The IEEE 802.11 wireless communication protocol is a system by which devices can send and receive information over a wireless link using Internet Protocols. In considering the maximum rate at which information can be transmitted across the link (throughput), there are three limitations.
The first limitation is physical. That is, there is a physical limitation to the speed at which the devices can input or retrieve information, encode it, and transmit across the wireless link. For 802.11b networks, this maximum speed is about 11 Mb/sec (Mega bit per second). This represents the maximum transmission rate of the system, but actual data transmission rates are much lower because of the other throughput limitations.
When information, either voice or data, is transmitted over an IP network, it is first encoded and broken down into pieces called packets. Each packet comprises a payload, which is the information that is transmitted from sender to receiver(s), and a header, which is information that the network uses to route the packet, and to decode and reassemble the information when it reaches its destination. It is clear that the amount of data contained in the packet header in relation to the total packet size is a second limitation on the throughput of the network. Clearly, throughput is higher when there is a large data payload compared to the total packet size than when there is a small data payload compared to the total packet size. However, while throughput may be an advantage to using large packet sizes, there are also disadvantages.
For example, a given packet may be lost while traversing the wired portion of the wireless network. When the packet is large, the missing information is difficult to conceal; and if the link is for voice transmission, large lost packets may significantly reduce the voice quality. There are other disadvantages to large packets specific to VoIP applications, such has a high end-to-end delay. Furthermore, the devices on the network may have limitations on packet size. For these reasons, VoIP architectures in particular are generally limited to packetization periods of 10, 20 or 30 millisecond (msec).
A third limitation on throughput is the Medium Access Protocol (MAC.) IEEE 802.11b wireless networks use a CSMA/CA (Carrier Sense Multiple Access with Collision Avoidance) medium access protocol. This is a system in which an access point, which is connected to the wired network, can serve several wireless Stations (STA) simultaneously.
A collision occurs when two packets are transmitted at the same time from two different STAs on the wireless network. In such a case, the information from both packets may be lost. Because the wireless network cannot detect collisions, it uses a MAC that is designed to avoid collisions. If a STA wants to send a frame, it listens to the medium for a period of time known as the distributed coordination function inter-frame spacing time, or DIFS, to determine that no other STA is currently transmitting. After waiting the appropriate time with no activity in the medium, the STA may then transmit a packet. When there are few STAs and the network is not very busy, throughput on the wireless leg, even with small packets may be fairly high.

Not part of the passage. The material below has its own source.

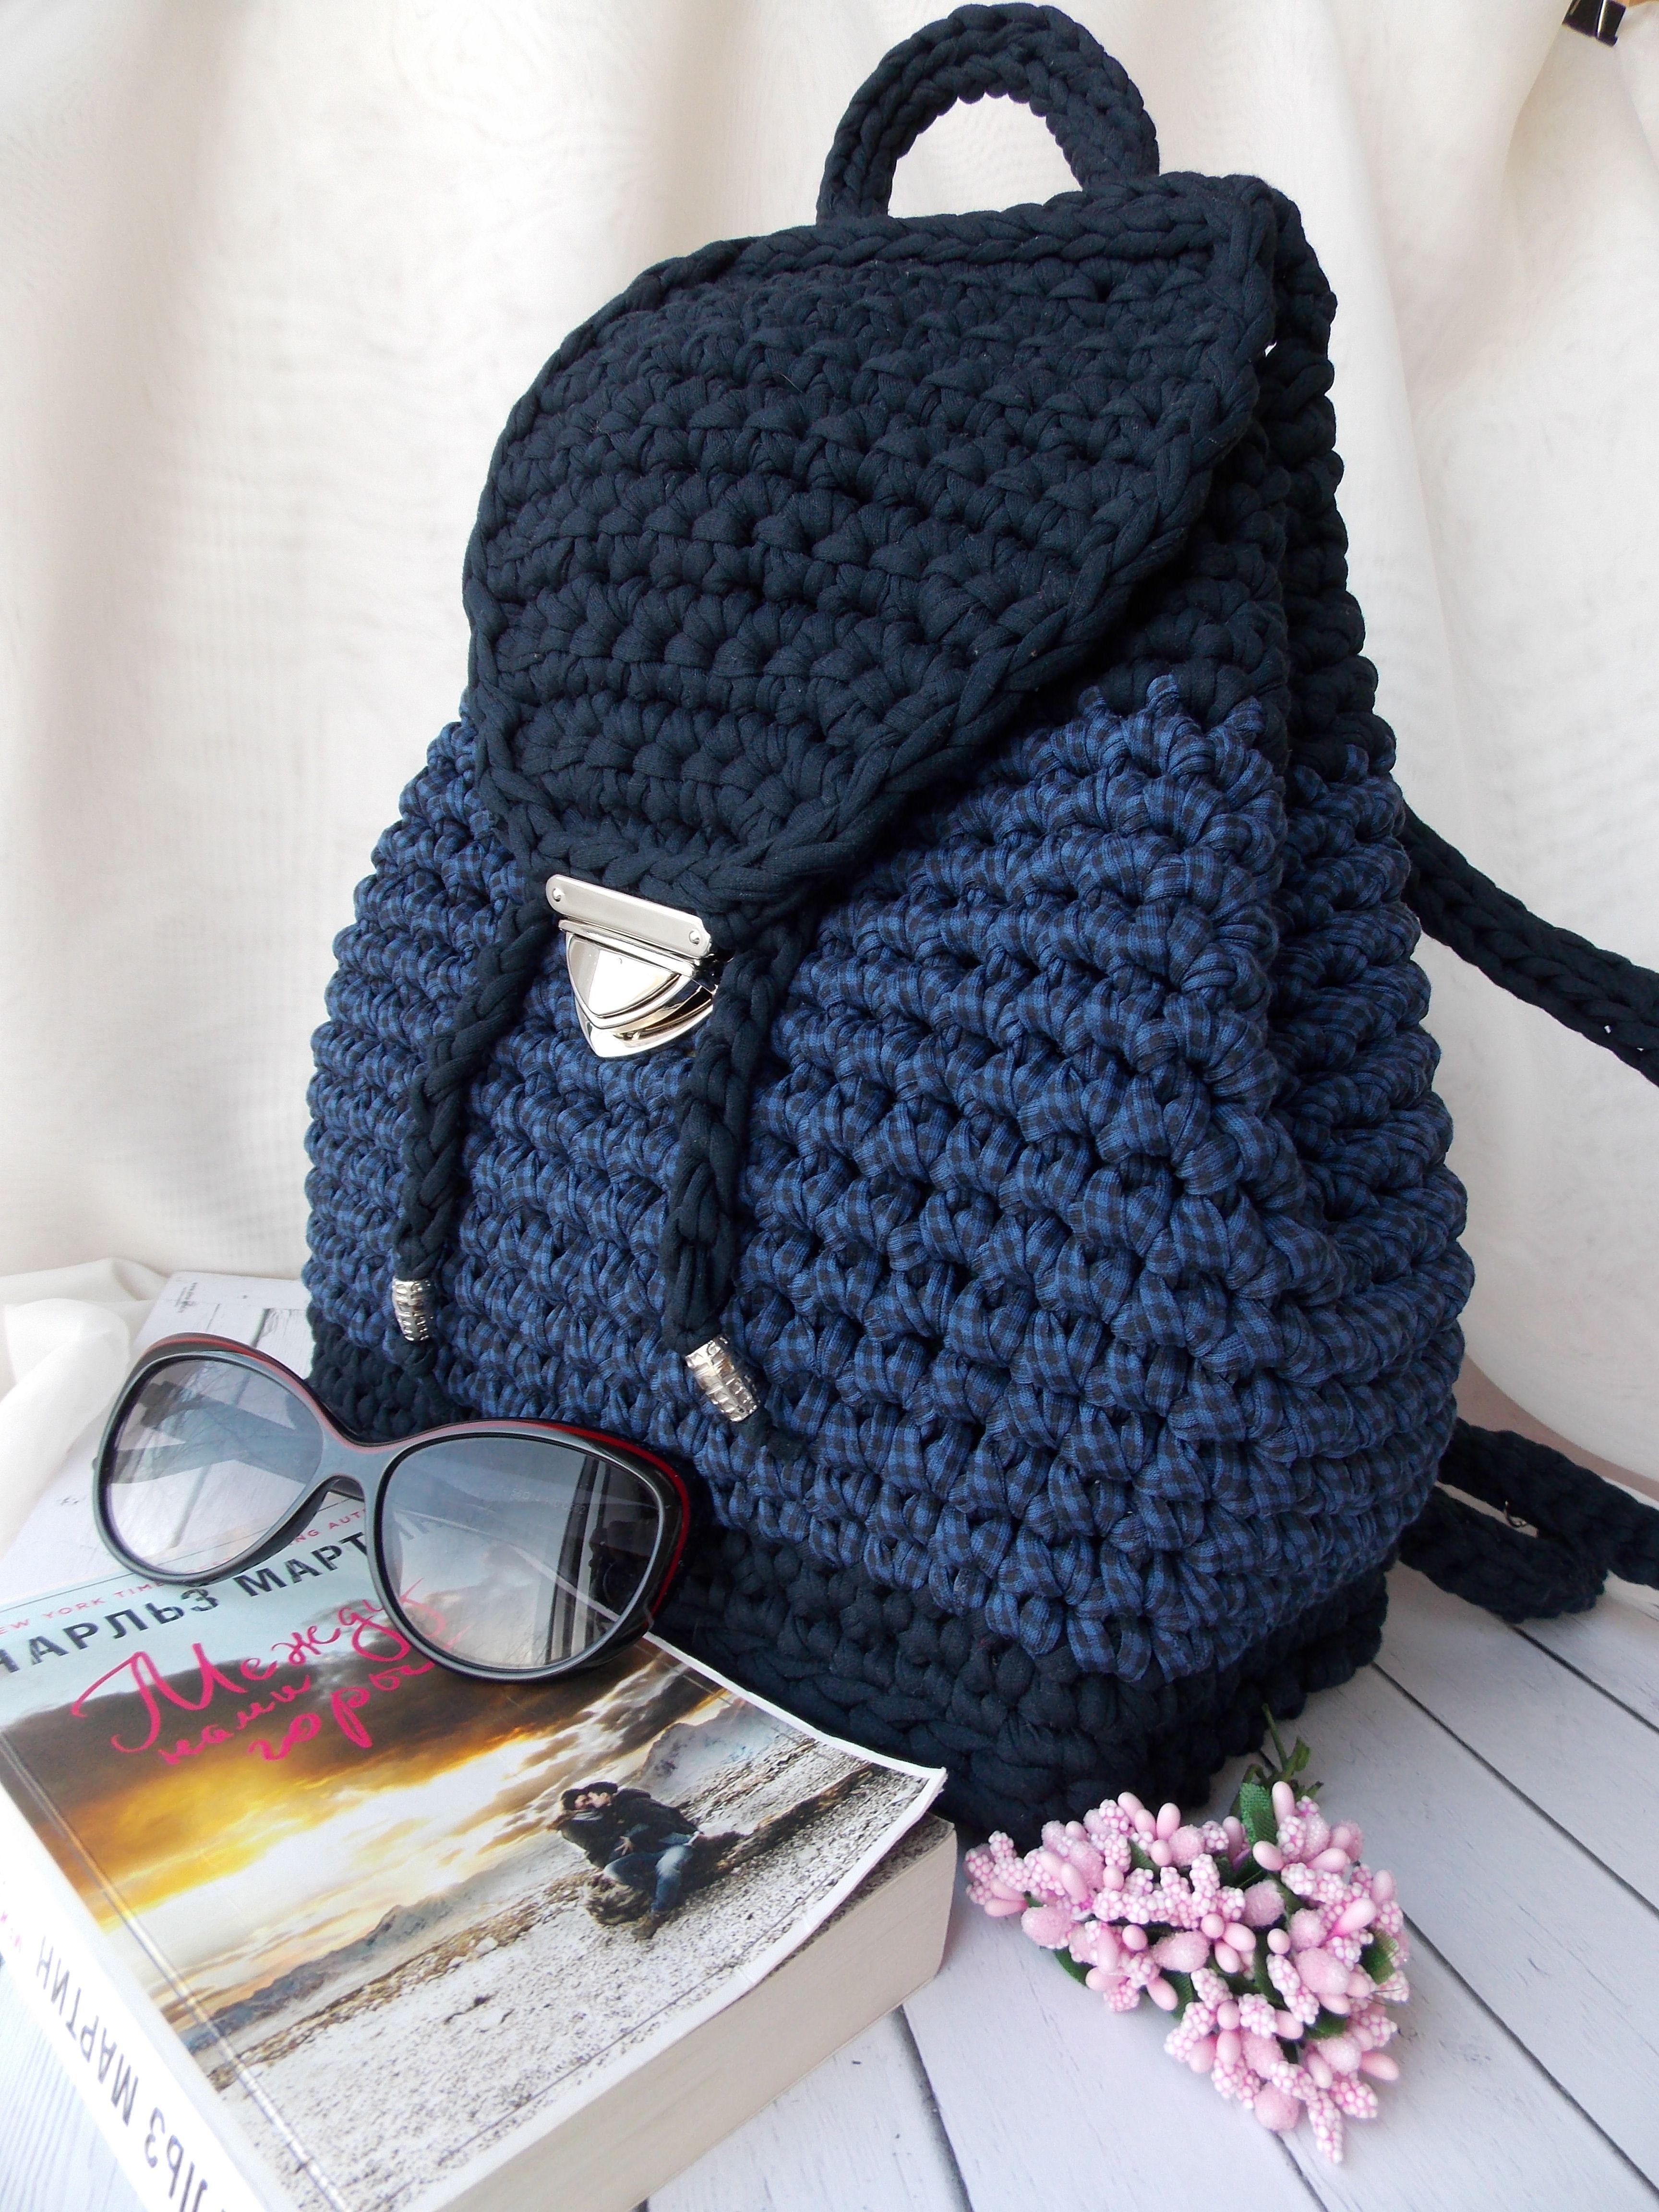 457de50fa69b Вязаный рюкзак из трикотажной пряжи, модный аксессуар этим летом ...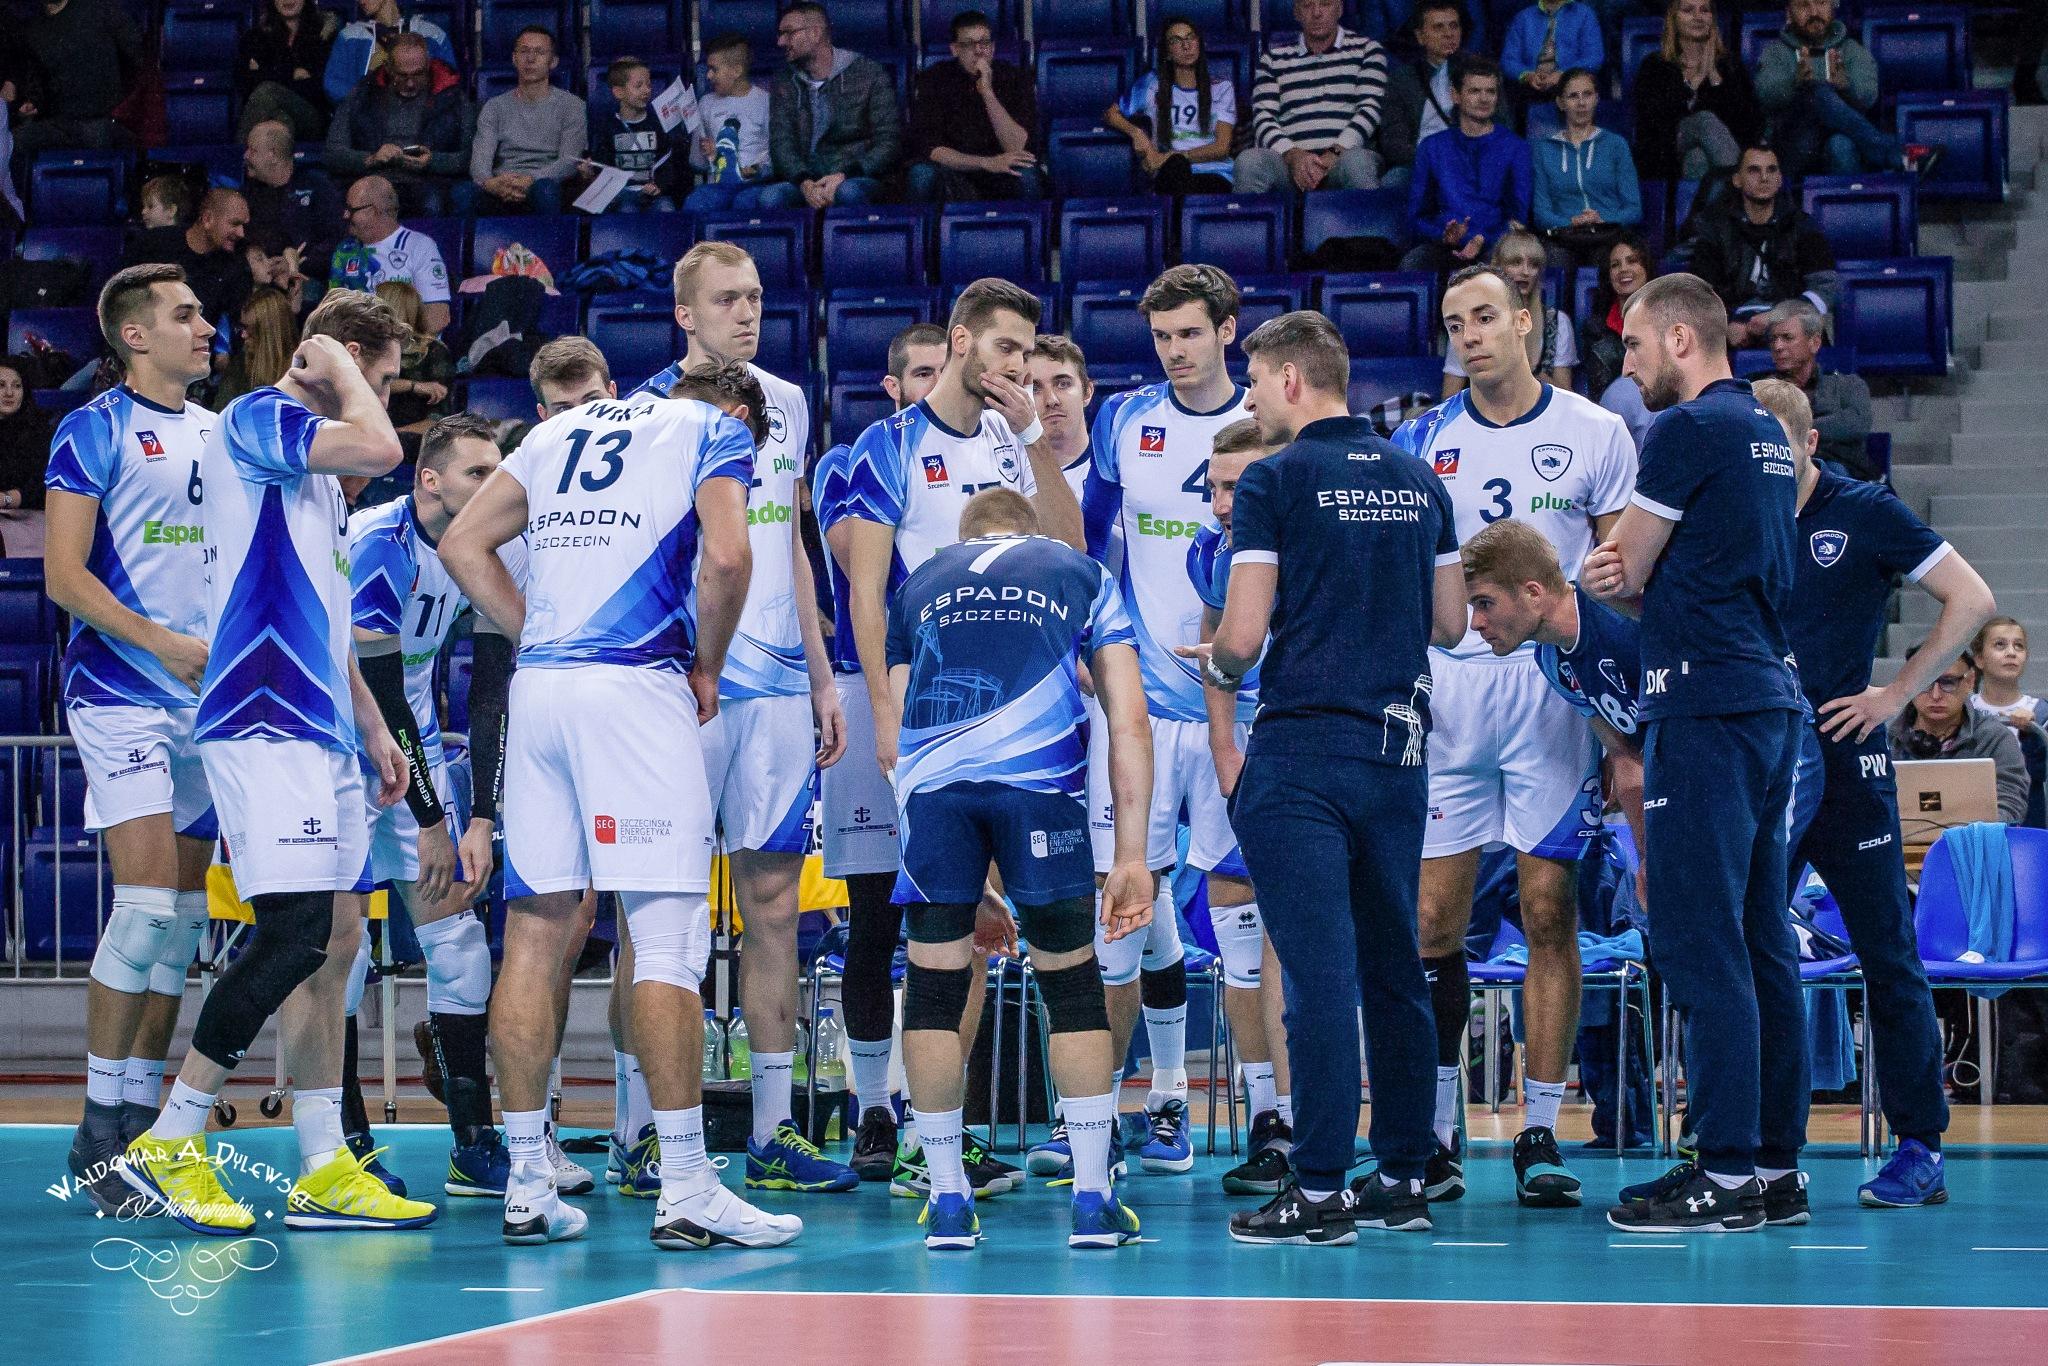 Espadon Szczecin - GKS Katowice: 2-3, 22.10.2017 by Waldemar Andrzej Dylewski

If there are multiple STA, or the STA are very active, there will be significant reductions in throughput for each STA. Referring to FIG. 3, when a packet transmission 10 ends, the system waits for the short inter-frame spacing period or SIFS period 14. Then, an acknowledgment 11 is sent from the recipient of the packet to the transmitting STA to confirm packet receipt. If the STA wants to send another packet immediately, it is still required to listen to the medium for the DIFS period 15. Then, rather than transmitting, the STA enters into a contention phase 16 for the medium. During the contention phase 16, the STA that are waiting to transmit a packet are queued up in random order and they take turns transmitting packets 12 and receiving acknowledgments. FIG. 3 shows the transmitted packet 12 in two parts, the IP/UDP header 13 and the actual data payload 19. The time during which the STA is contending to transmit or transmitting non-payload information 17 is substantially longer than the time period during which the STA is transmitting actual payload information 18.
The CSMA/CA protocol is designed to avoid collisions and data loss, but it also has the effect of adding a significant amount of delay to packet transmission. For very short packets, the added delay is a more severe constraint on throughput.
To summarize, there are three main limitations on data throughput for an 802.11 wireless network connection: the physical limitation; the size of the packet header to the total packet size, also known as packet overhead; and the medium access protocol. When the information being transmitted over the wireless link is just data, periods of low throughput may be tolerable. In VoIP and other real-time applications, such as streaming media, limited throughput may lead to reduced or unacceptable voice or sound quality.
It can be seen that, for a wireless local area network (WLAN), it is desirable to have the option of using larger packets to reduce packet overhead, reduce MAC delays and increase throughput in the wireless leg. However, packet size cannot be too large because of end-to-end delays inherent in the use of large packets in VoIP applications.